What needs to be done -
Would you please set down the data again exactly as given, excluding the pictures?

Supplied information -
----------------------------------------
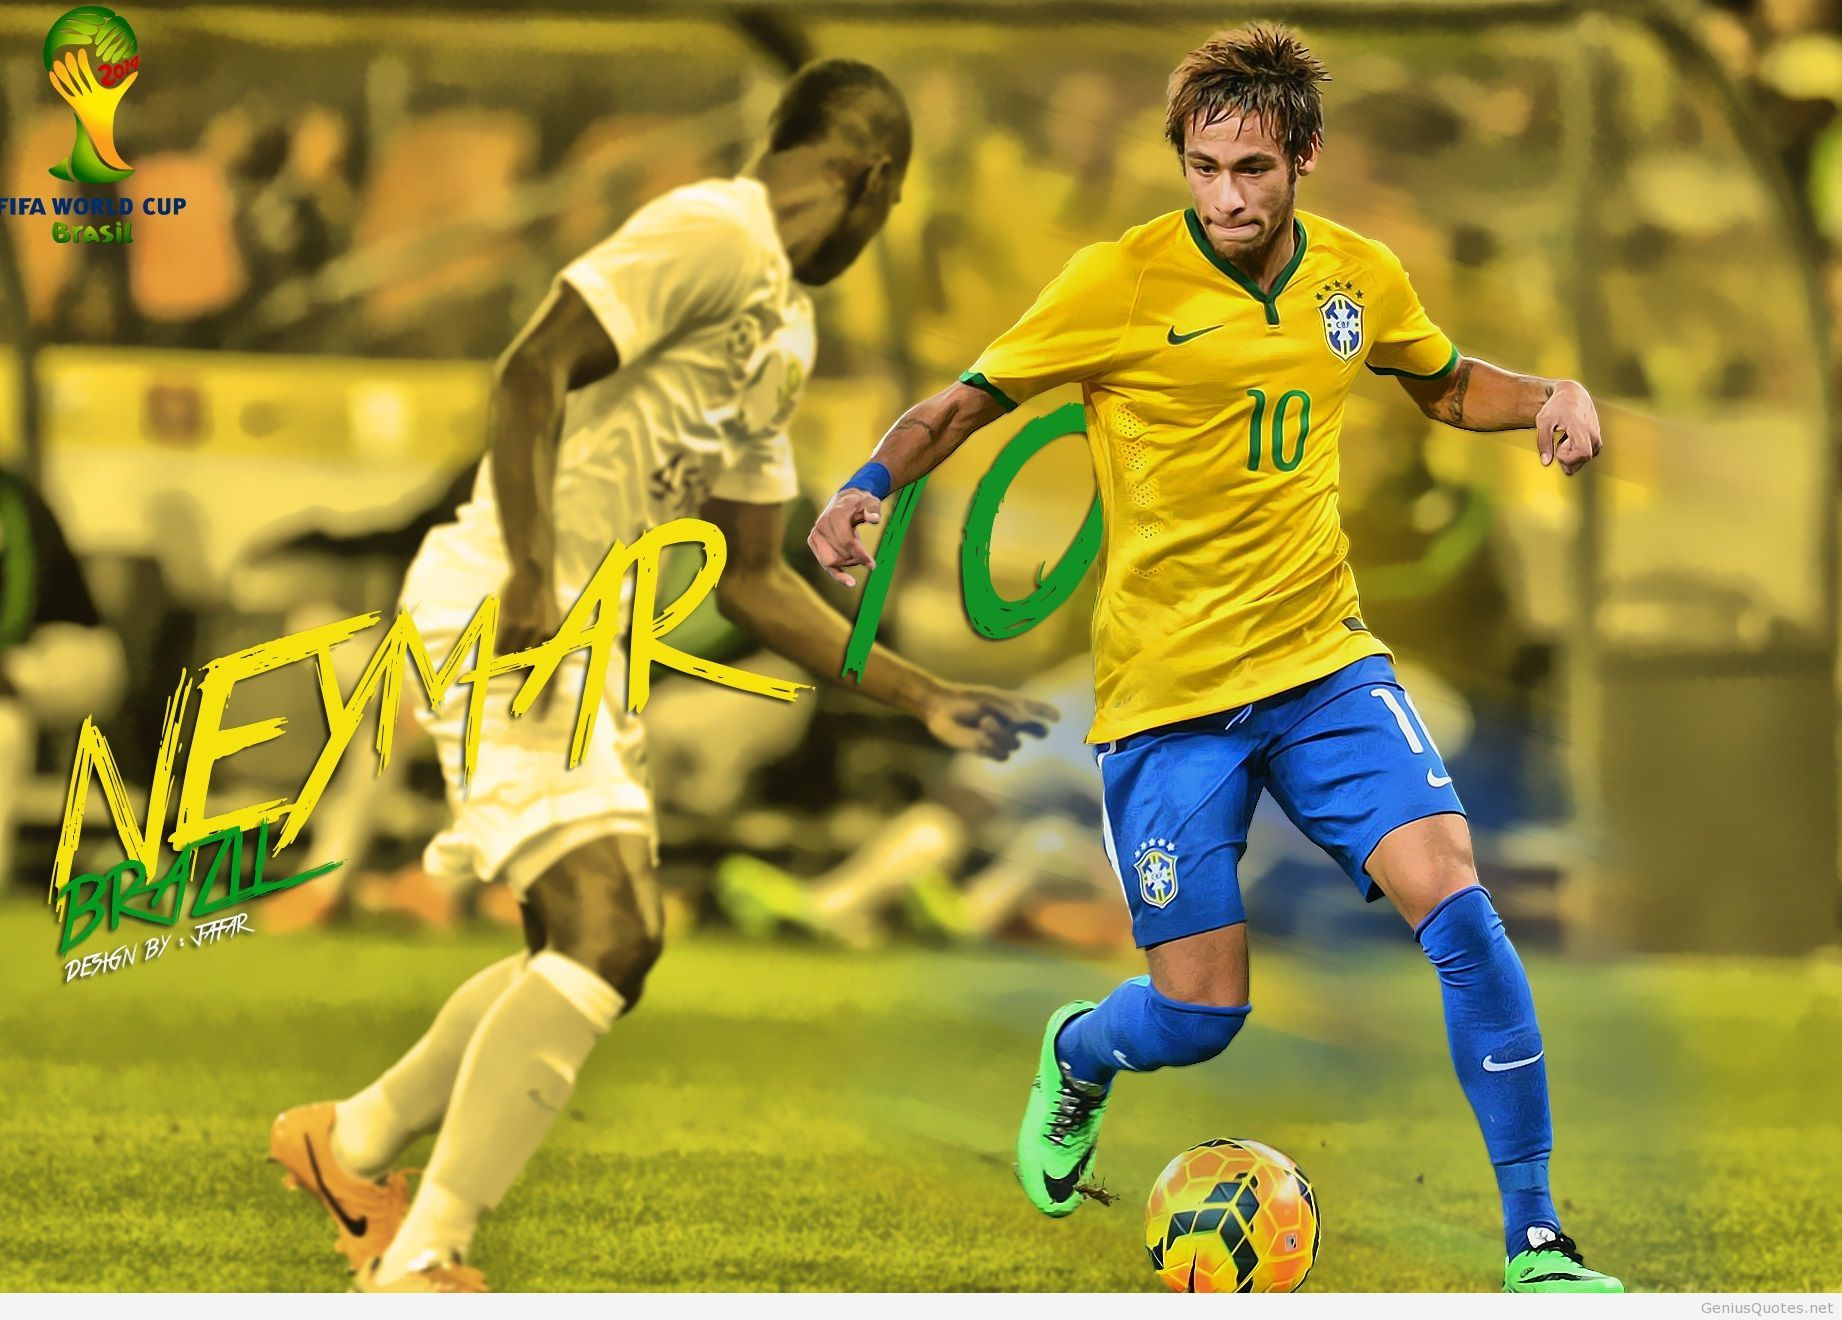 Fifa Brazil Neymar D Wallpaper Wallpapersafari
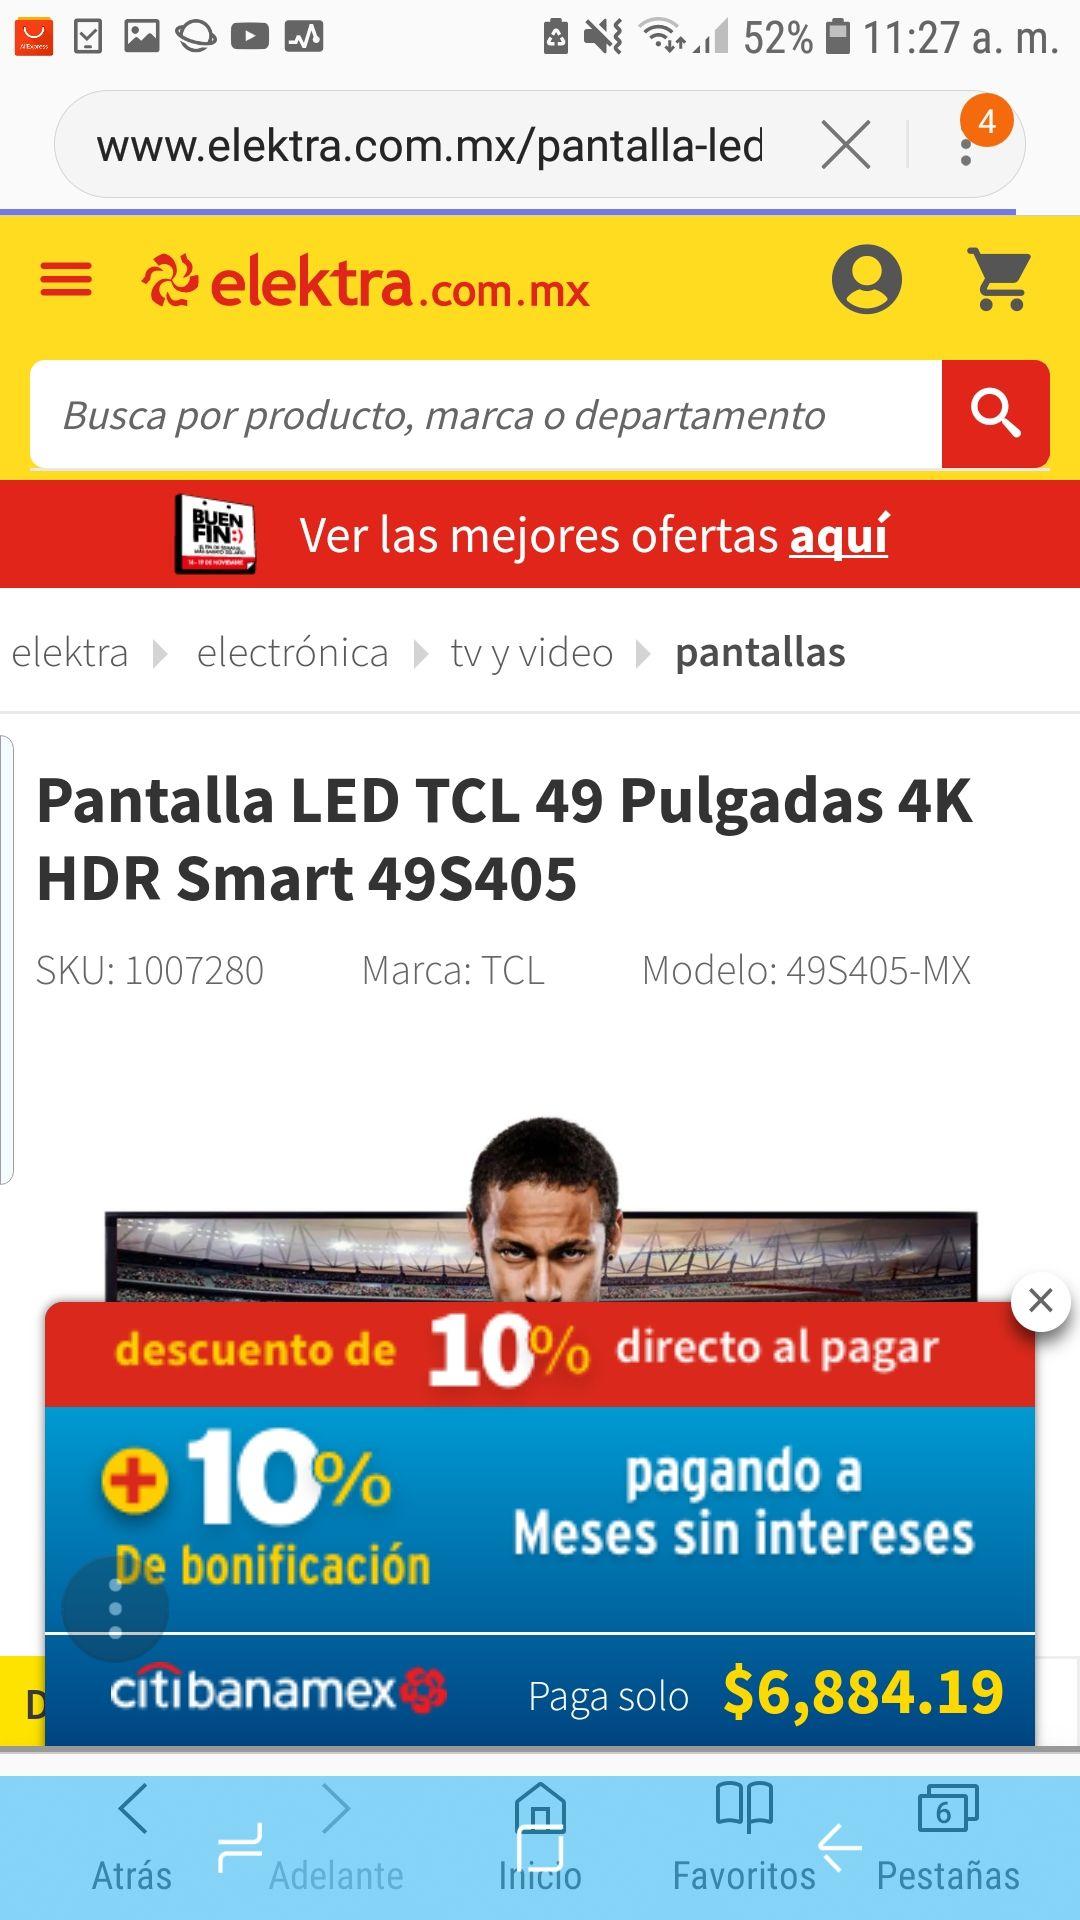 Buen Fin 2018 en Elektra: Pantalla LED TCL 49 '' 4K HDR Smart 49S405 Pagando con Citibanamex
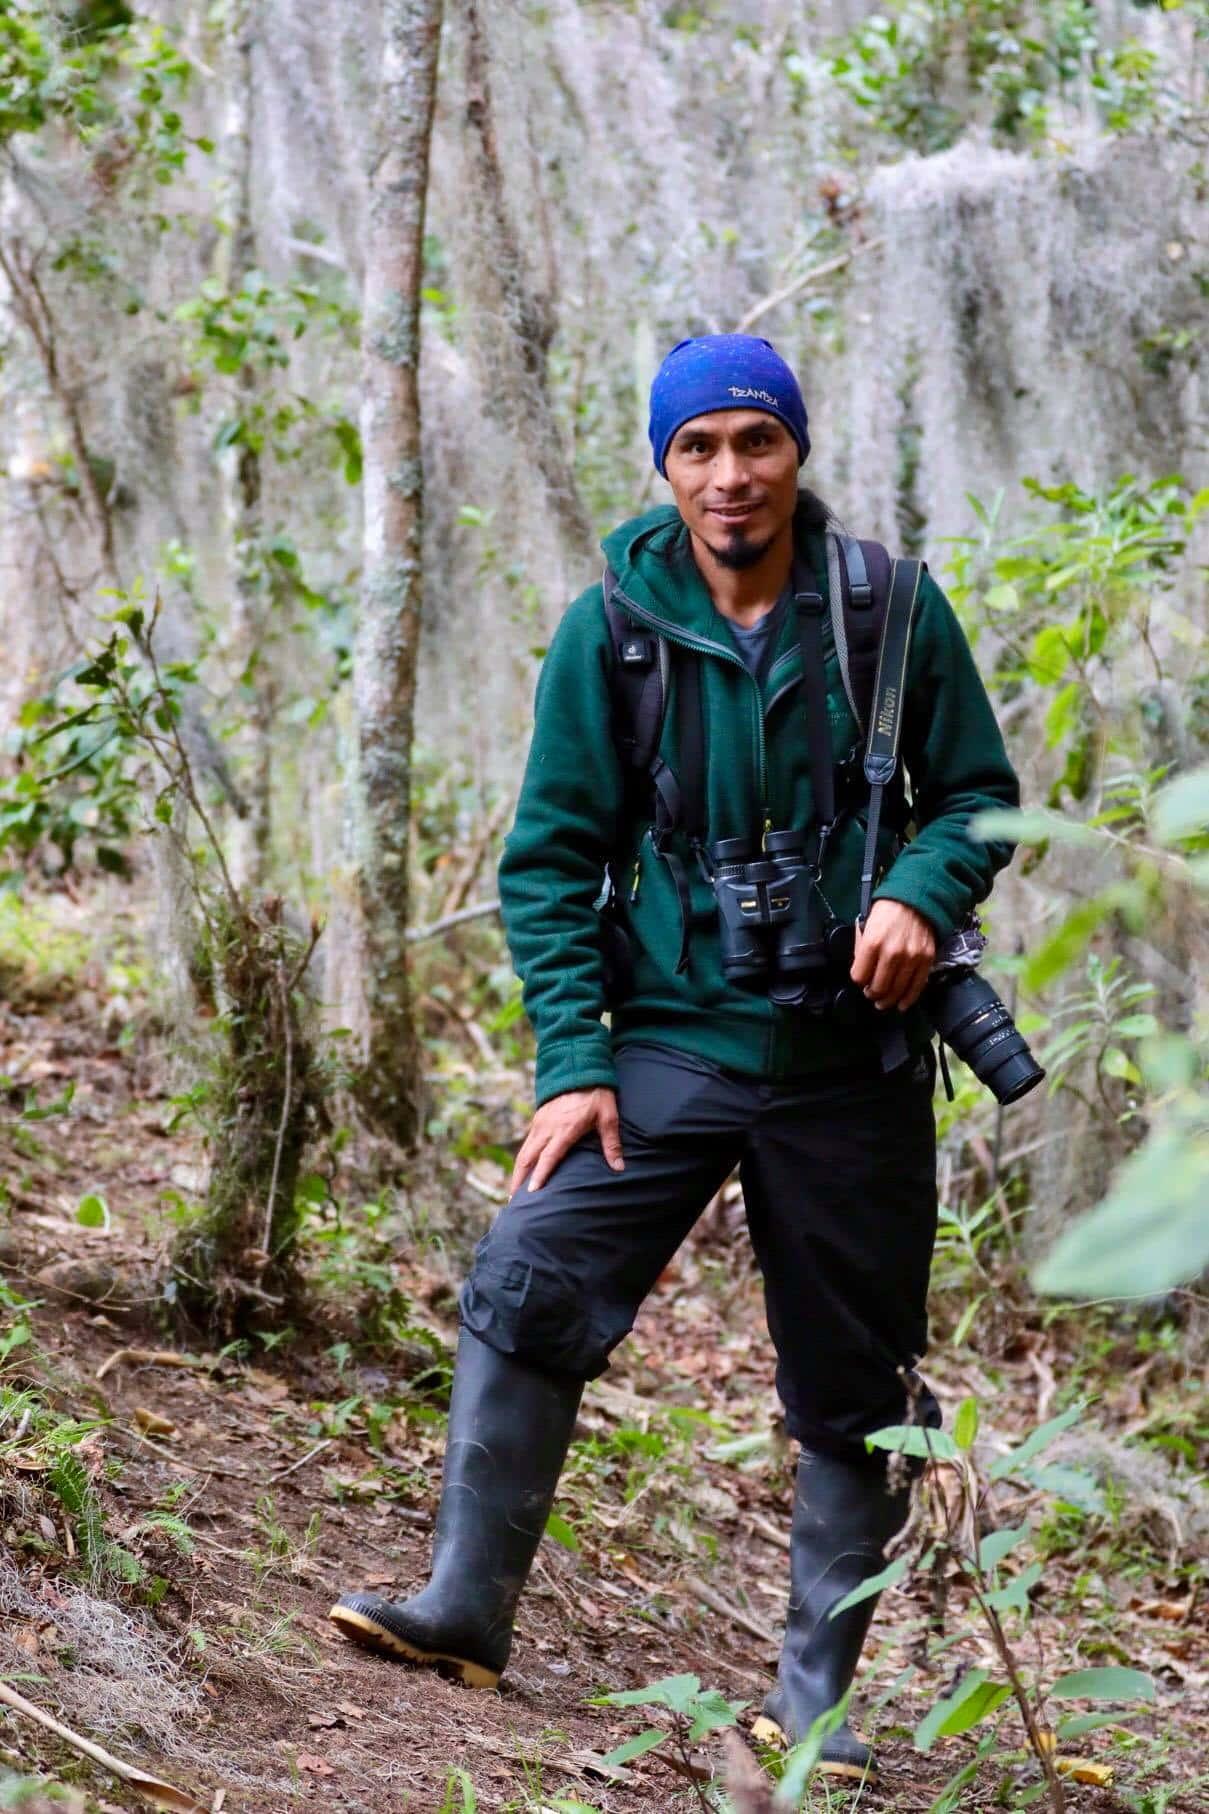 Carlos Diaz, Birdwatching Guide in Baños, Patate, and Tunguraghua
----------------------------------------
Output for this exercise -
 Fifa Brazil Neymar D Wallpaper Wallpapersafari
 Buen Fin 2018 en Elektra: Pantalla LED TCL 49 '' 4K HDR Smart 49S405 Pagando con Citibanamex
 Carlos Diaz, Birdwatching Guide in Baños, Patate, and Tunguraghua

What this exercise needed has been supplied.